We decided we needed to be open source if we wanted to get the kind of broader knowledge required to use our tool effectively. So we released it to the public, began to grow the community and created a python and javascript client to encourage application development on the back of TerminusDB.

We also spent a lot of time writing very elaborate documentation to describe how to use the product. This was a surprisingly difficult task as complex tools require a lot of documentation and the people who are capable of documenting it are often the people who would otherwise be writing the code.

And we got a fair few users to join our community, ask questions and plug away at applications. But we heard over and over, the same problems occuring. The complexity would eventually overwhelm newbies and they would churn.

Simplification

We had always viewed TerminusDB as a document graph. That is, while every edge in the system was a genuine edge in the graph (in the RDF tradition rather than the property-graph tradition), we viewed segments of the graph as belonging to specific objects which could be treated as related.

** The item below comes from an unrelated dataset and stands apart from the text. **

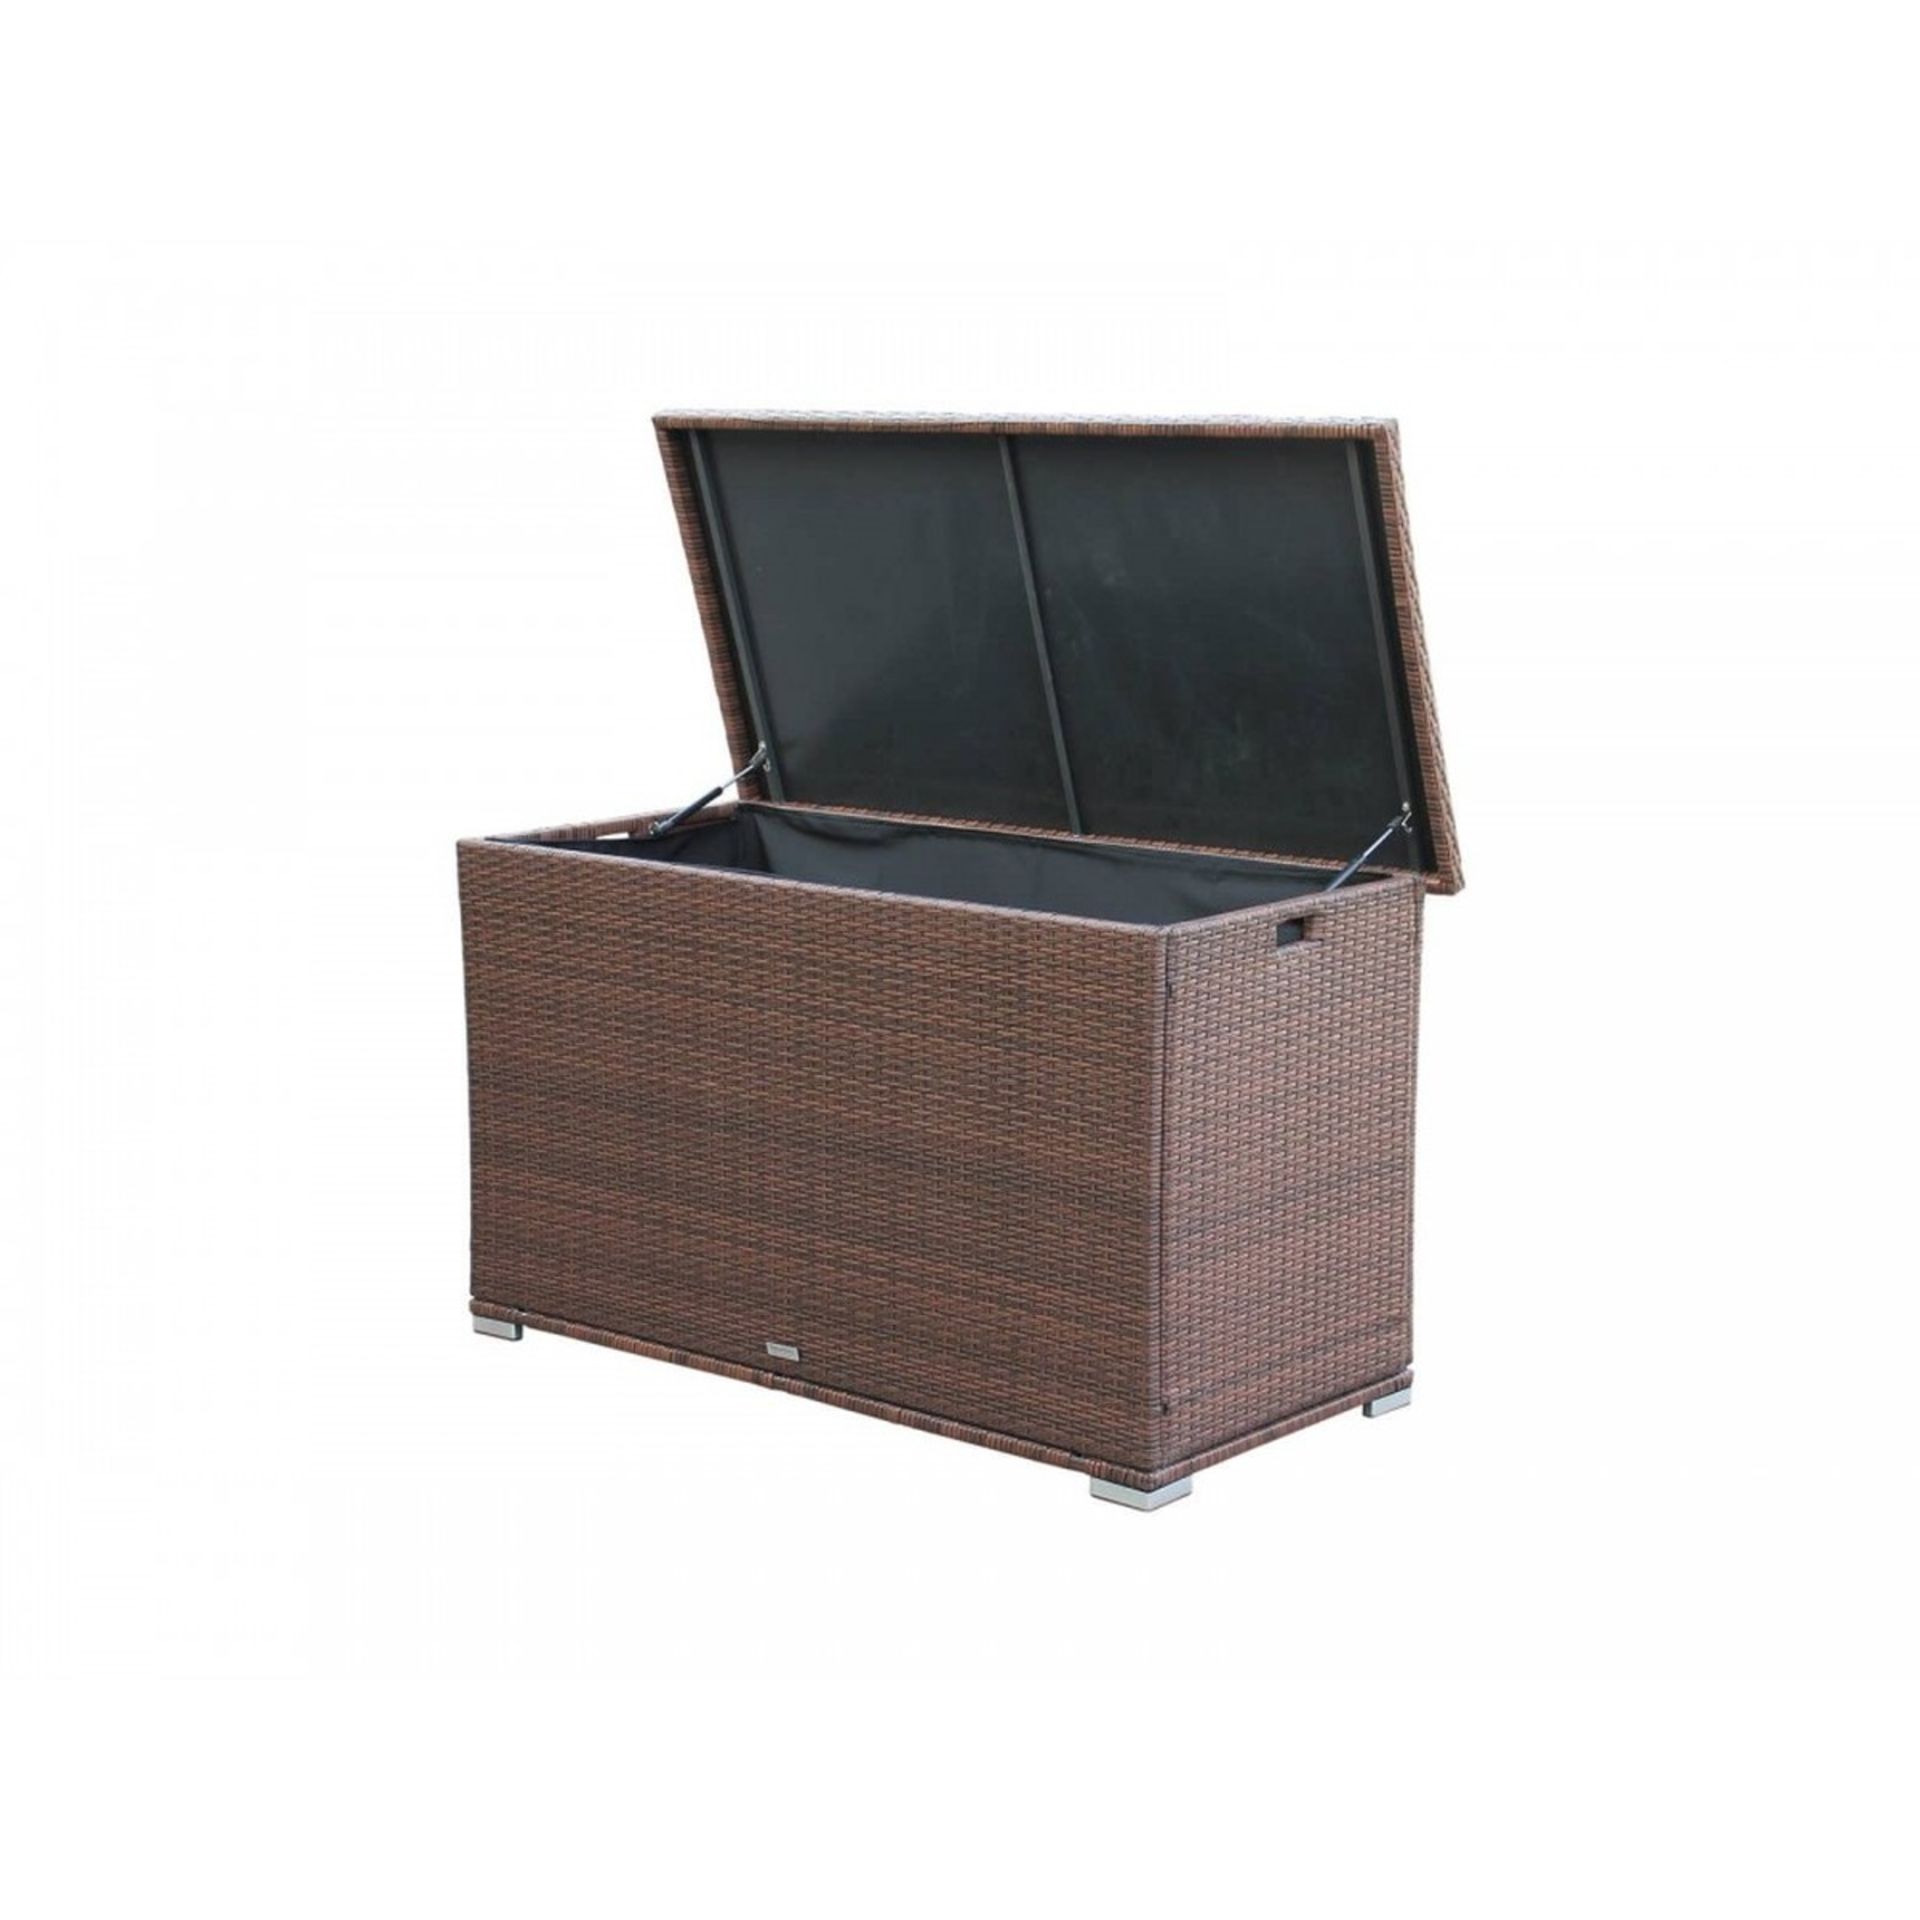 Brand New Luxury Storage Box. Gorgeous all-weather rattan storage box. - Image 3 of 3

One of our early design choices was to use OWL to represent the shape of the graph. This made some sense because OWL is a very rich language for describing graphs. However it also has some drawbacks. It is very hard for developers to read OWL - even very smart developers. It also was never built to describe schemata but rather ontologies (to describe what could be represented, rather than what must be represented). It also had no concept of a document, so we had to graft one onto it, again a source of confusion for our users.

Collaboration

Many people also liked the concept of our distributed, git-like, multimaster setup with TerminusDB (this hasn't gone away...) However when it came down to it, most people really just don't want to set up a database anymore. They'd rather use one in the cloud. They don't want to worry about provisioning or scaling. They'd rather someone else deal with these problems. And really who is better at dealing with the scaling problems of a database than the people who made it?

We realised that while a git-like hub might be useful at some point (after people have built lots of shareable data products) what we really needed was a cloud database that people could use.

TerminusX

Eventually we felt we could no longer face our users judgement without changing things. We decided to simplify the interface, make the concept of the document more central, make the primary interaction method be through json documents and create a schema language that looks like the JSON you hope to build (and feels more like one you might write in a programming language).

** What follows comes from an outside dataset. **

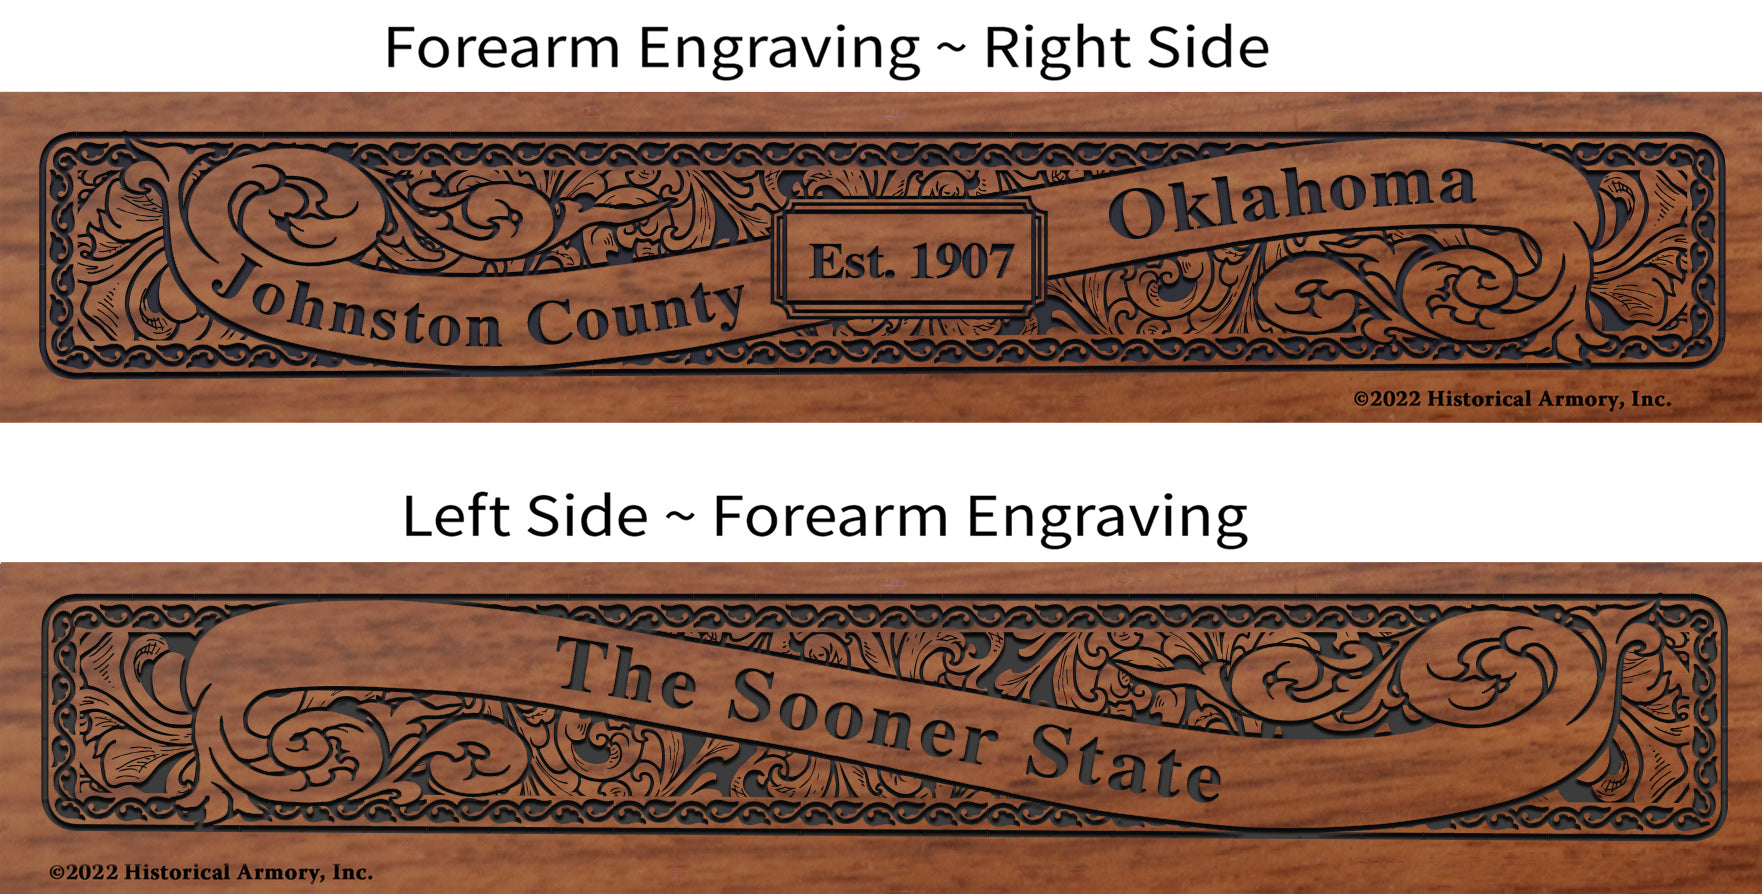 Johnston County Oklahoma Engraved Rifle Forearm

It's very early days, but internally to the team, the traction has already been noticable. Many more of our staff have built complex knowledge graphs using our software. We have also trialed the software with some private beta users, and the feedback has already been encouraging.

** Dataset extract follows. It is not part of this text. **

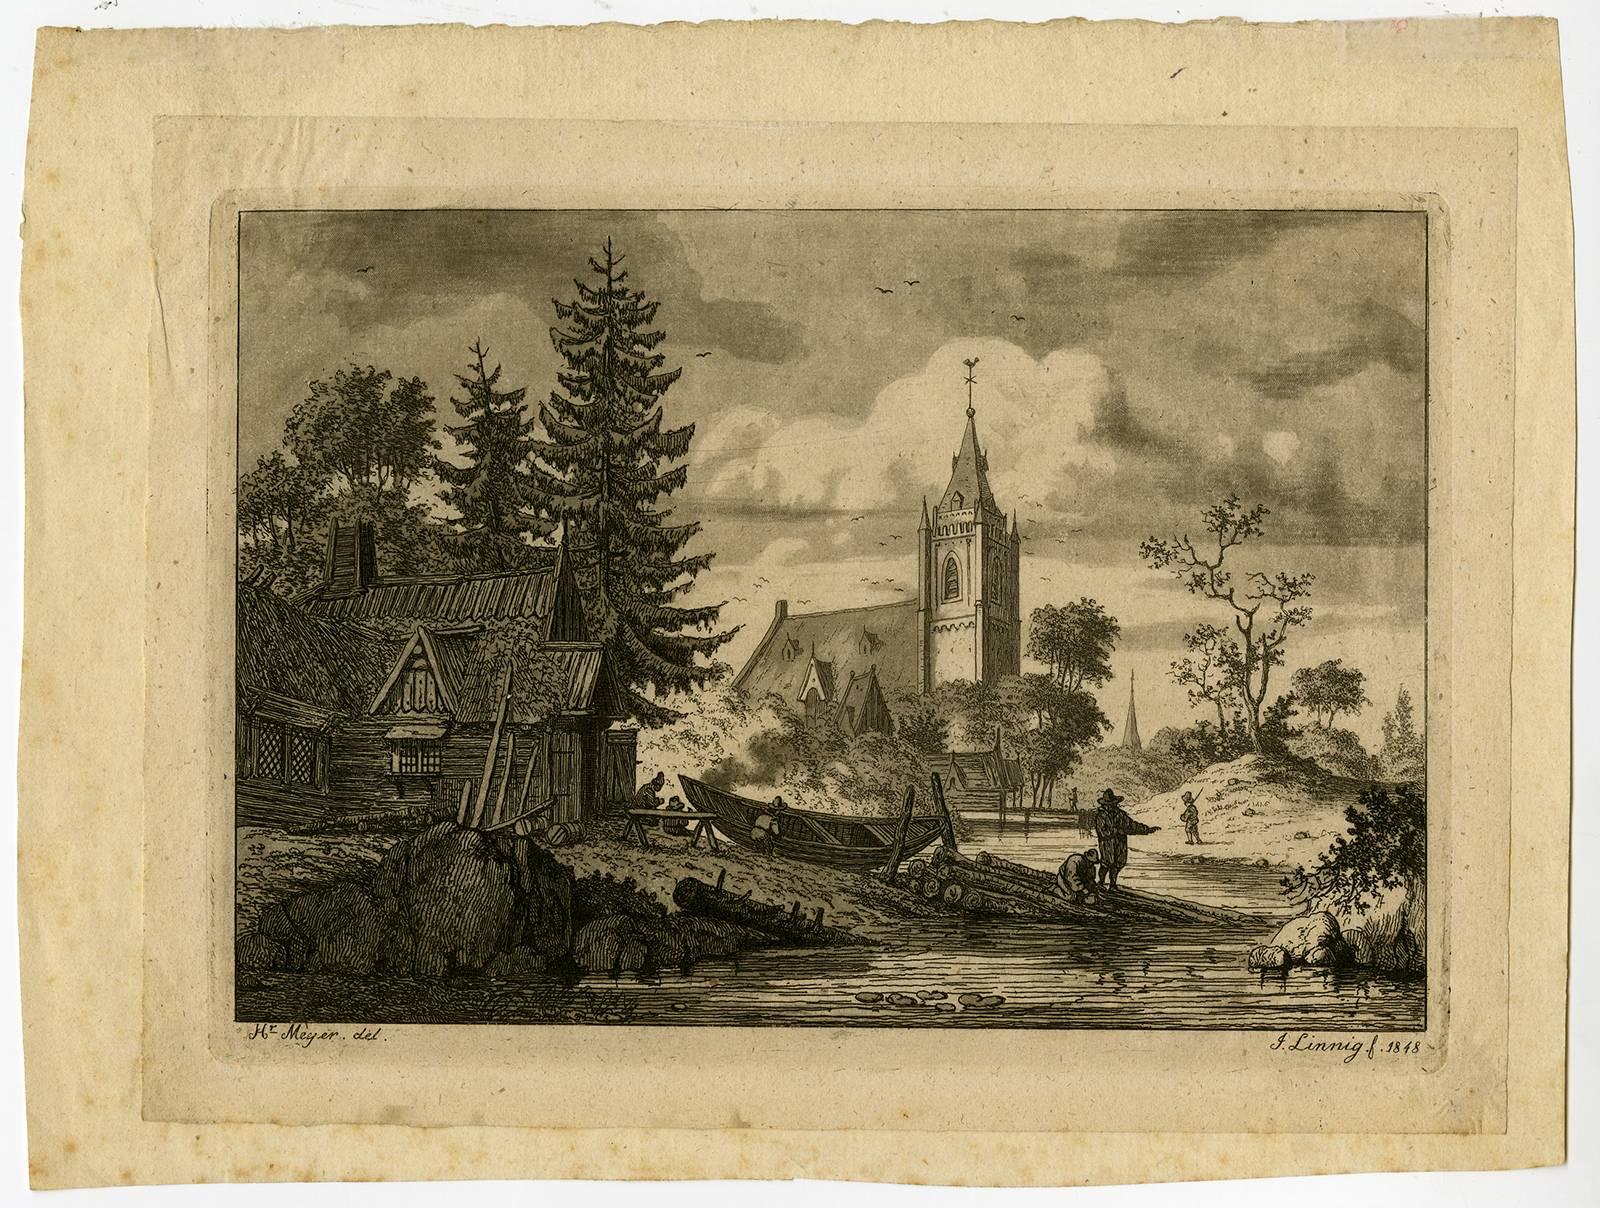 Egidius Linnig Landscape Print - Untitled - View of a village with a church.

The possibilities that a document graph could bring to application development has always excited me. I really feel like their day will come. Its part of why I've been involved with implementation of graph databases since 2004.

The object store of yore always felt like a good idea to me, but I was aware of its problems: difficulties with referential integrity, difficulties with concepts of identity etc. These former attempts did not succeed but they gave us great information as to what might succeed in the future.

We have learned those lessons, and now I hope we have learned the lessons from our users.

An inter-connected, browsable system of data should be made easy for developers using the kind of tools they are already comfortable with.

I feel like we are finally approaching that future.